やっぱり静玖は、次期生徒会長の器なのかもしれない。
そうなったら、会長を応援する会は静玖を応援する会になるんだろうか。だとしたらちょっと、おかしい。
「そろそろ、集合場所に一旦戻りましょうか」
いっぱいになったゴミ袋を見て、静玖が言う。
私は頷いた。
「……そういえば。静玖って、いつも今日みたいに会長のこと応援してるの?」
「はい! それはもう、朝も昼も夜も!」
「す、すごい熱意だね……」
静玖と肩を並べて歩いていると、ふと、辺りが騒がしいことに気が付く。
声がする方を見ると、人だかりができていた。
お姉ちゃんは身長が高いから、人がたくさん集まっていても埋もれない。いつもと同じように、にこやかな笑みでファンと交流をしているようだった。

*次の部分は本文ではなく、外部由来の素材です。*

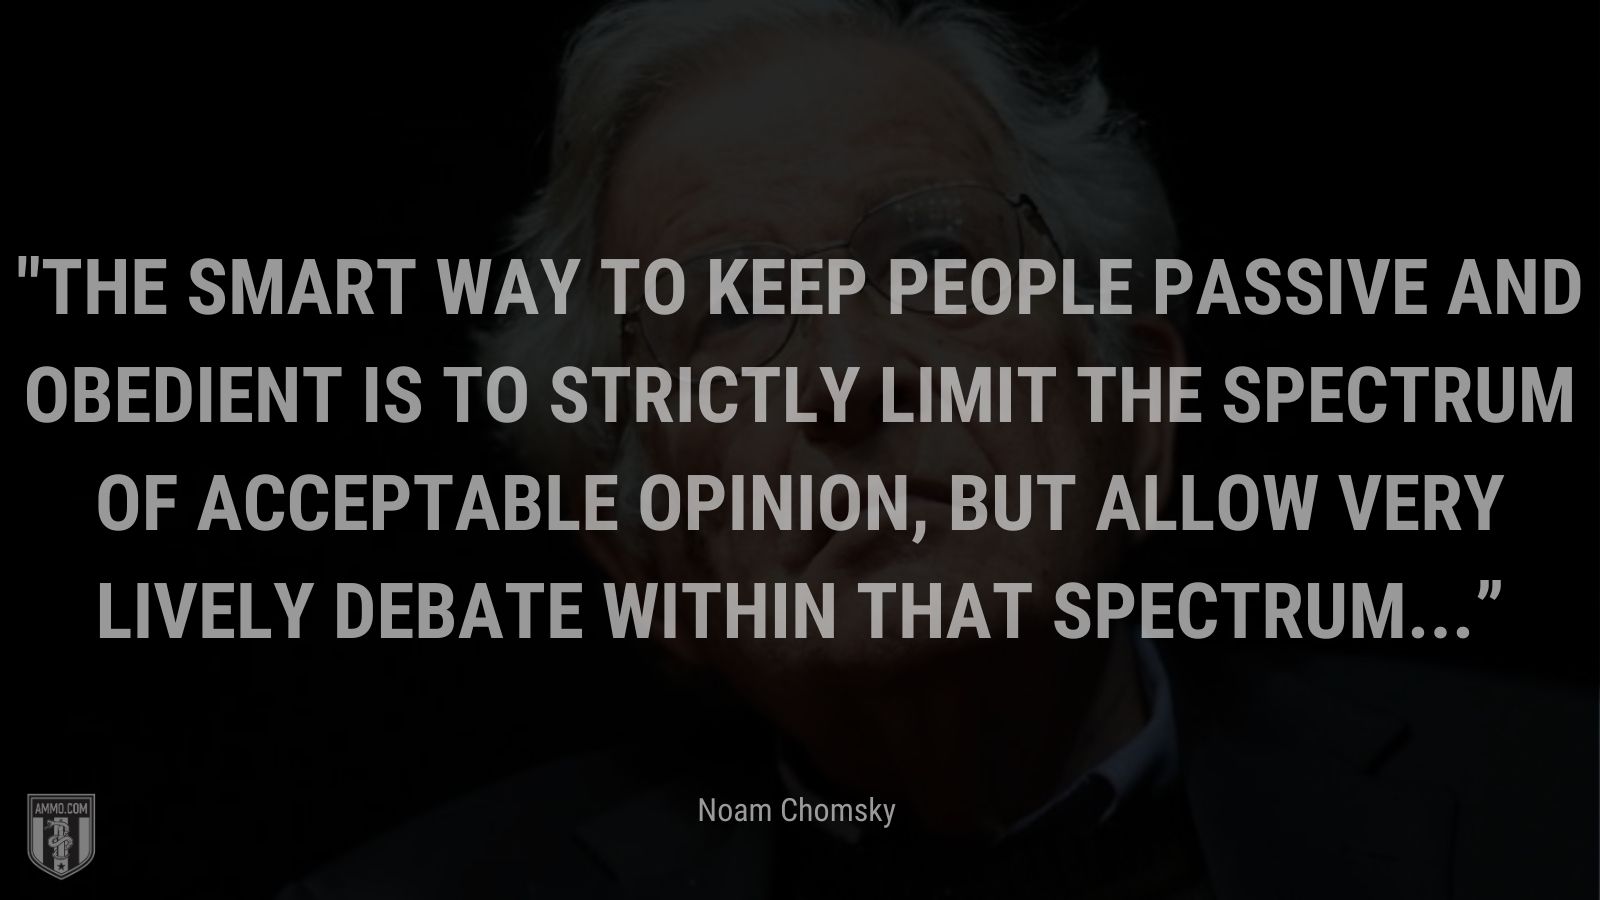 “The smart way to keep people passive and obedient is to strictly limit the spectrum of acceptable opinion, but allow very lively debate within that spectrum...” - Noam Chomsky

「……でも、会長も嬉しいだろうね。静玖に応援されたら、きっと頑張ろうって気持ちになると思うよ」
「そ、そうですかね……?」
「うん。いいと思うよ、そういうの」
「乃愛さんって……」
その時、お姉ちゃんと目が合う。
かなり離れているのに、よく私に気づいたな、と思っていると、右足が浮くのを感じた。
「危ない!」
静玖の声が聞こえる。
どうやら、側溝の蓋が壊れていたらしい。バランスを崩した私は、衝撃に備えて目を瞑る。
しかし、待っても体に衝撃が走ることはなかった。
何か、柔らかいものが私を止めたからだ。
見れば、静玖が私を抱き止めていた。